Why do some drop from school and get into drugs and crime? Well I have found, people are individuals and we have millions of different reasons. Many of them are quite similar and I am an optimist and I hope that things can change. Will I ever be out of a Job? Probably not, but Corrections struggles with staffing issues. It would be nice to have a smaller population that is easier to manage (and provide more meaningful programs)

As with the anti social personality disorder. I do agree some of it is probably environmental, learned behavior from a young age if you will. We can and should address it with mental health and interventions etc. There just never seems to be enough money to go around though.

Your story of the 8 year old being taught how to steal by the adult is truly sad. There is no way around it. It is not a singular incident. We here stories of this all the time.

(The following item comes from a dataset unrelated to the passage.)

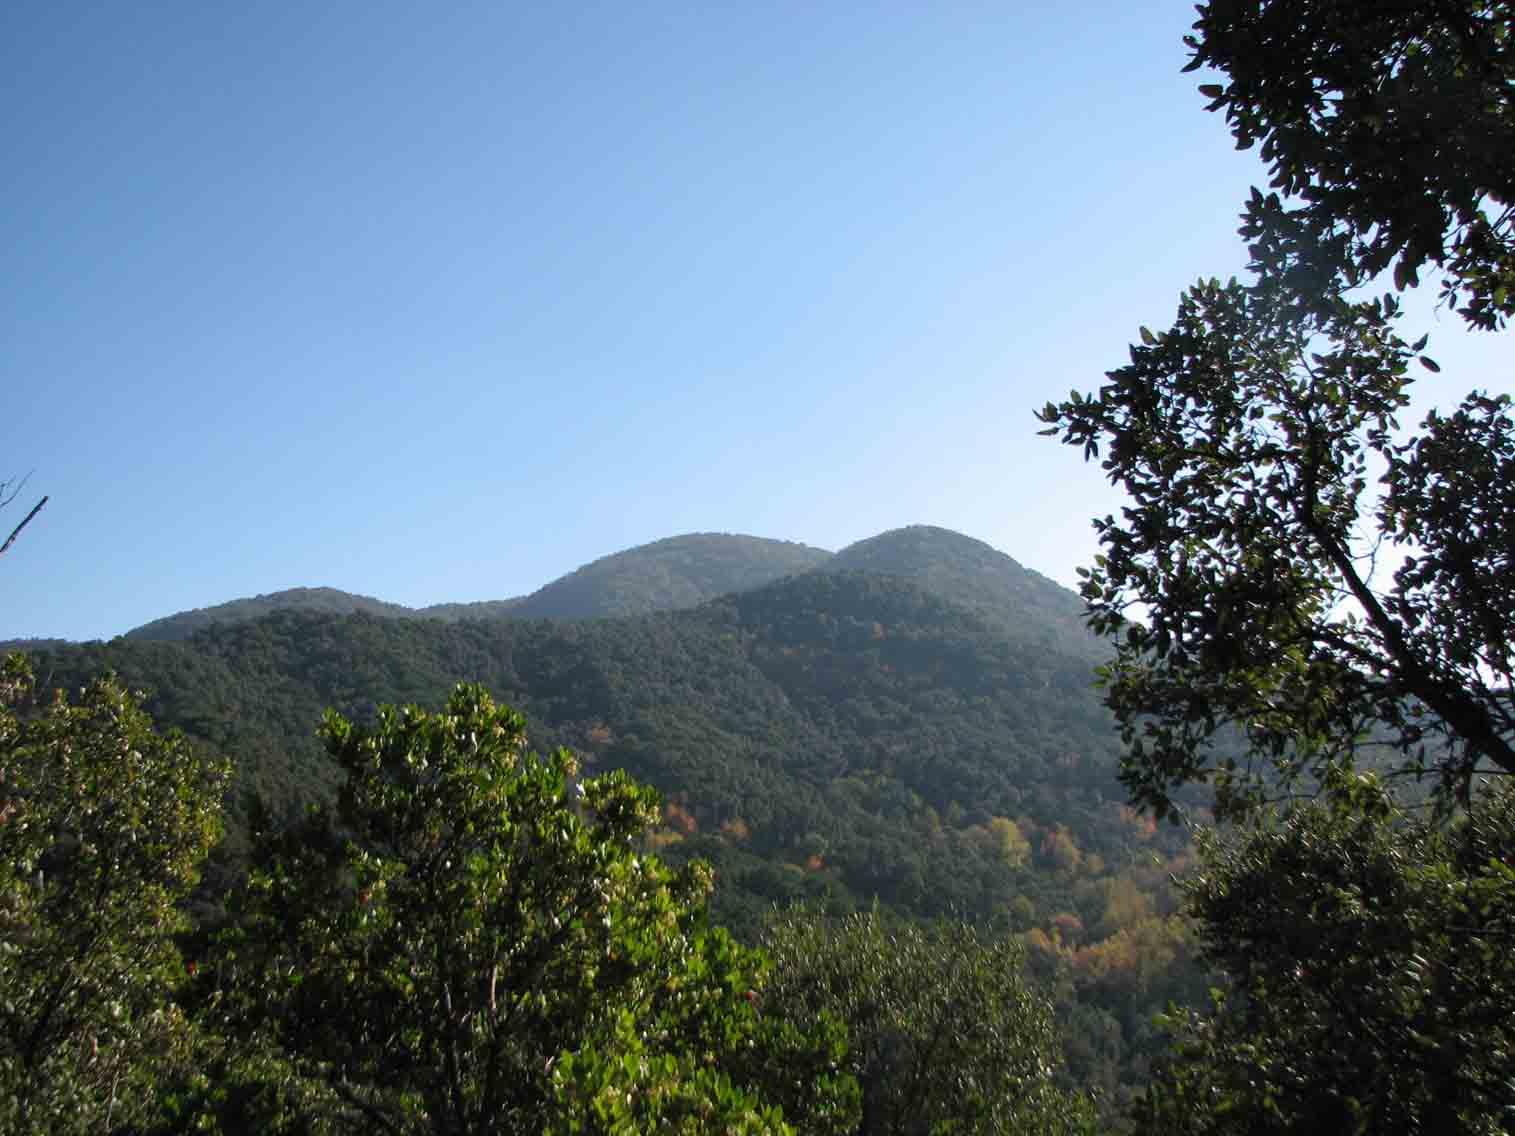 El Parque del Montnegre i el Corredor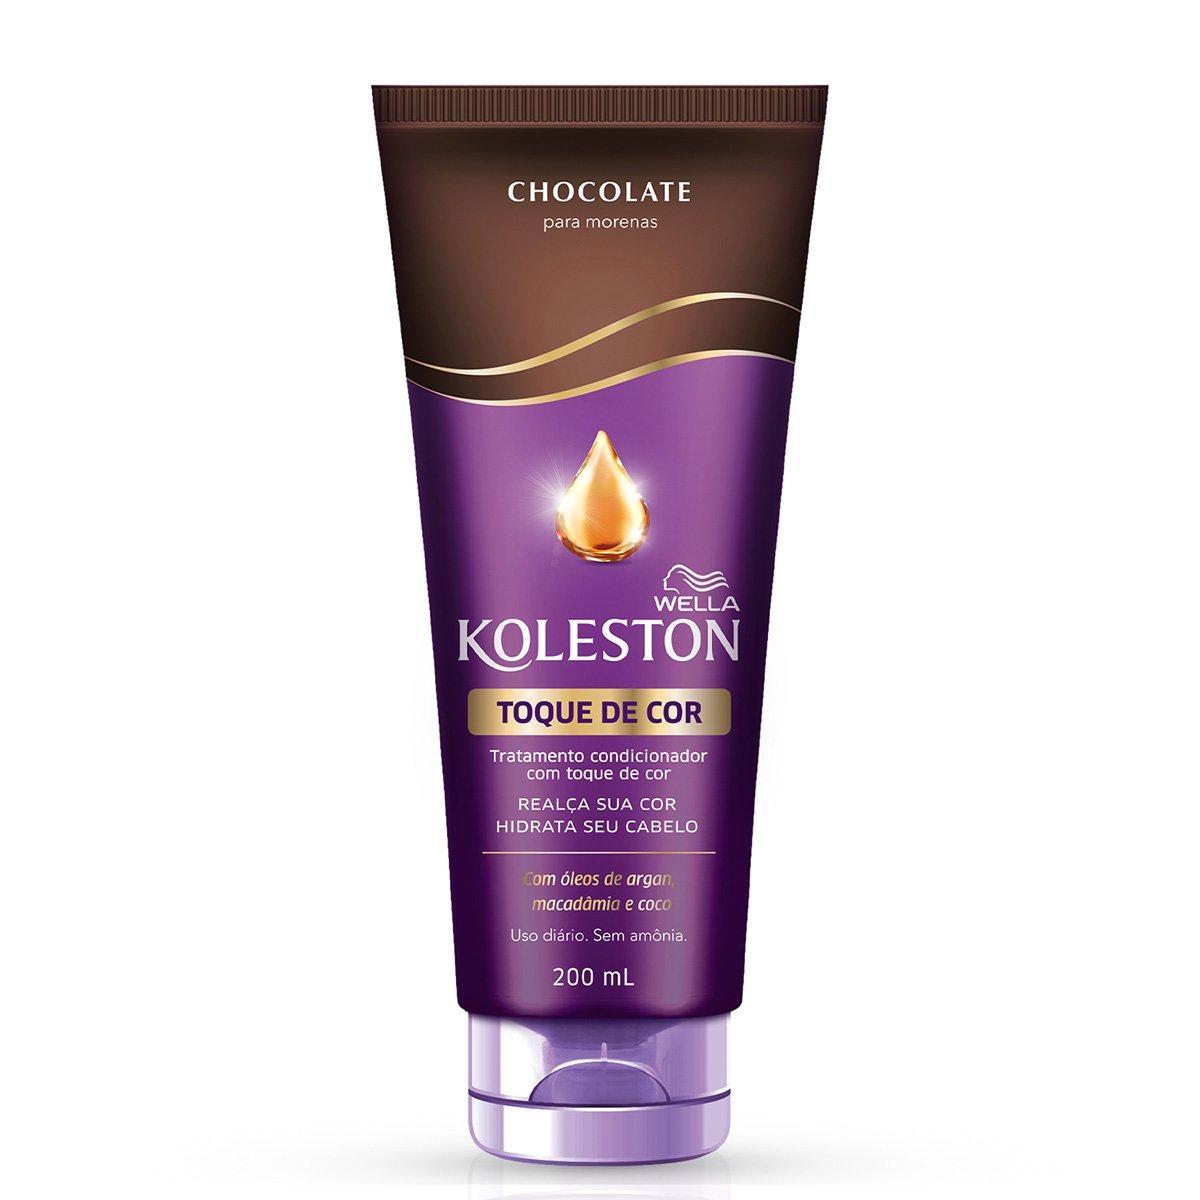 Condicionador Koleston Toque de Cor Chocolate - 200ml

As for society and the ex-felon. I am all for "ban the box" I think it is a good concept. (no box on the application about prior crimes). Employers should of course know about someones past history. But let them make that call AFTER the interview and a background check of the individual...AFTER you have a face to the name. I feel many more folks would get a second chance if they were just able to sell themselves and employers were willing to take that risk.

Quote:
Originally Posted by carm2405 View Post
Yes, sure... I agree with you. The majority of people don't do crime or end up in prison. We are talking about those who do... why do some kids drop from school and get into drugs and crime??

One answer to this question is what you mentioned - kids with personality disorders... and what can be done to help them?? It reflects back on society and mental health-care, and outreach to kids at risk... I would put more blame on society than on the kids in question...

Another reason why kids get into crime is because they are groomed for it... they are born into a criminal family. With my own eyes I once witnessed a man in his 30s teaching his son aged about 8 how to break into a car. It was on a CCTV camera of a place I was in... I was able to see the footage of it after the robbery was reported.
What chance has that 8-yr old kid got to lead a crime-free life, if he is being taught it from an early age??

The two points you make are valid - a person has to WANT a better life... and then society has to ACCEPT him/her and allow them to make a new start. I think the second part could be the most difficult, and I am not sure what the answer is to that one!!